The problem:
Leave out the pictures and copy everything else in the records exactly.

Source data:

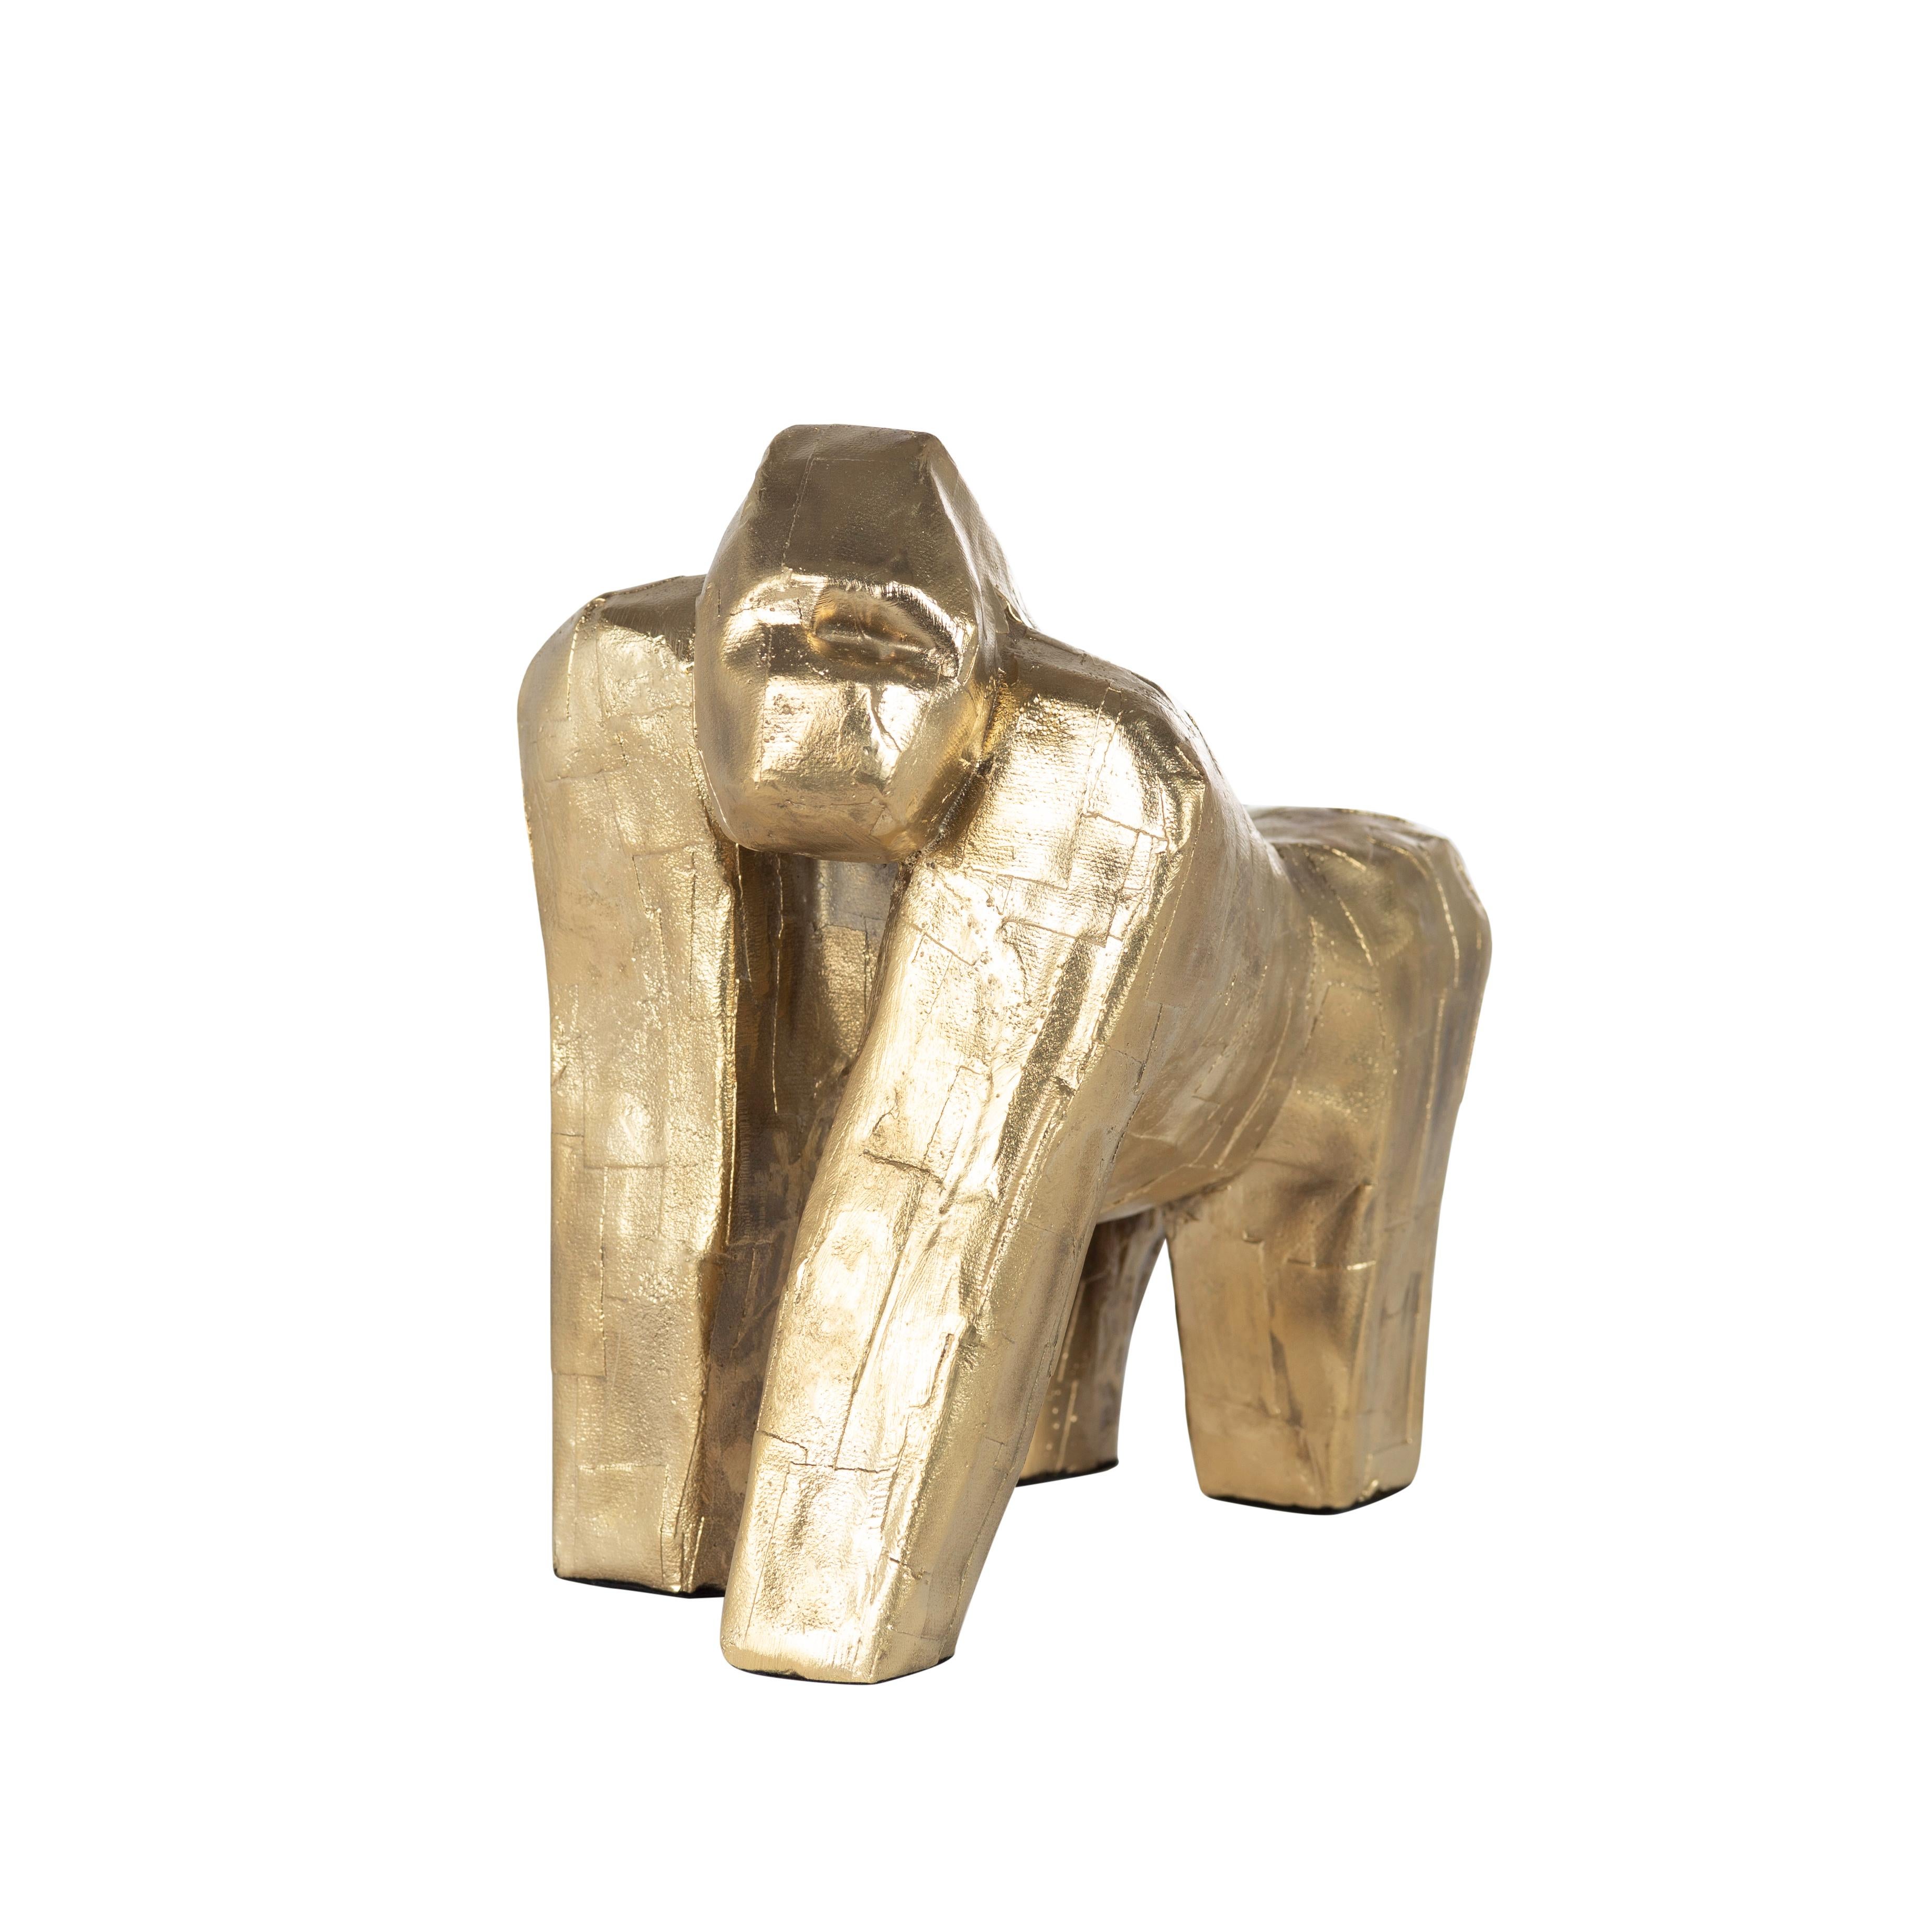 Sculpture de gorille par Pulpo
Dimensions : D20 x L15 x H21 cm
Matériaux : bronze

Un crash, une tour, un troupeau. Quel que soit le nom que l'on donne à ce groupe, il est tout simplement à sa place. Stimulé par des explorations dans la nature et
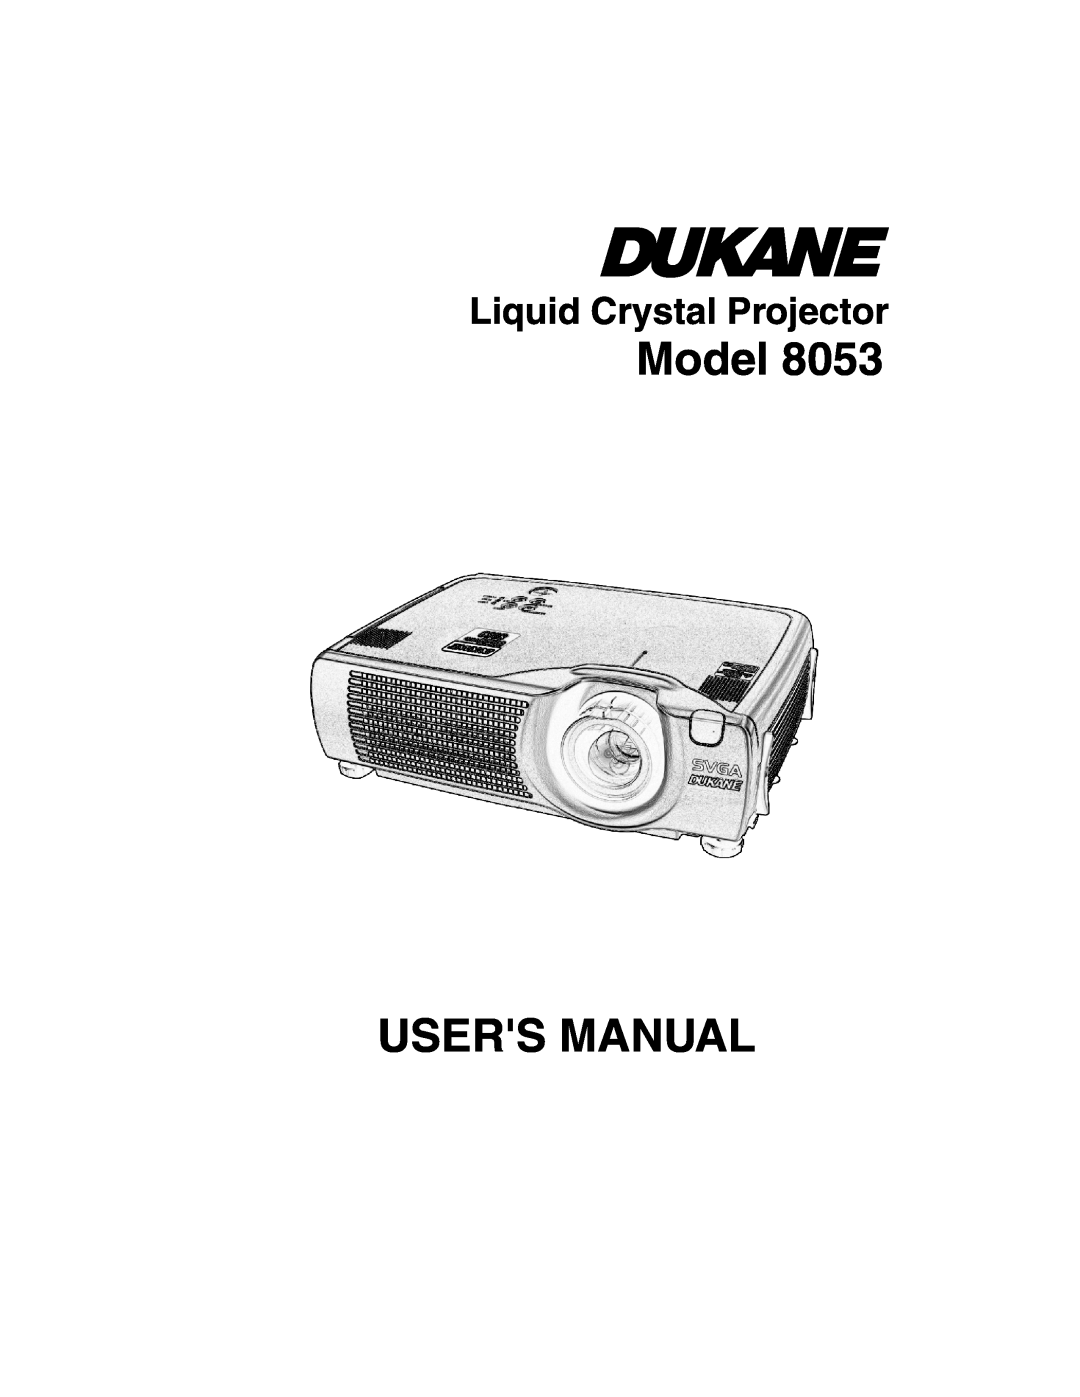 Dukane 8053 user manual Model, Users Manual, Liquid Crystal Projector

Response area:
 Sculpture de gorille par Pulpo
Dimensions : D20 x L15 x H21 cm
Matériaux : bronze

Un crash, une tour, un troupeau. Quel que soit le nom que l'on donne à ce groupe, il est tout simplement à sa place. Stimulé par des explorations dans la nature et
 Dukane 8053 user manual Model, Users Manual, Liquid Crystal Projector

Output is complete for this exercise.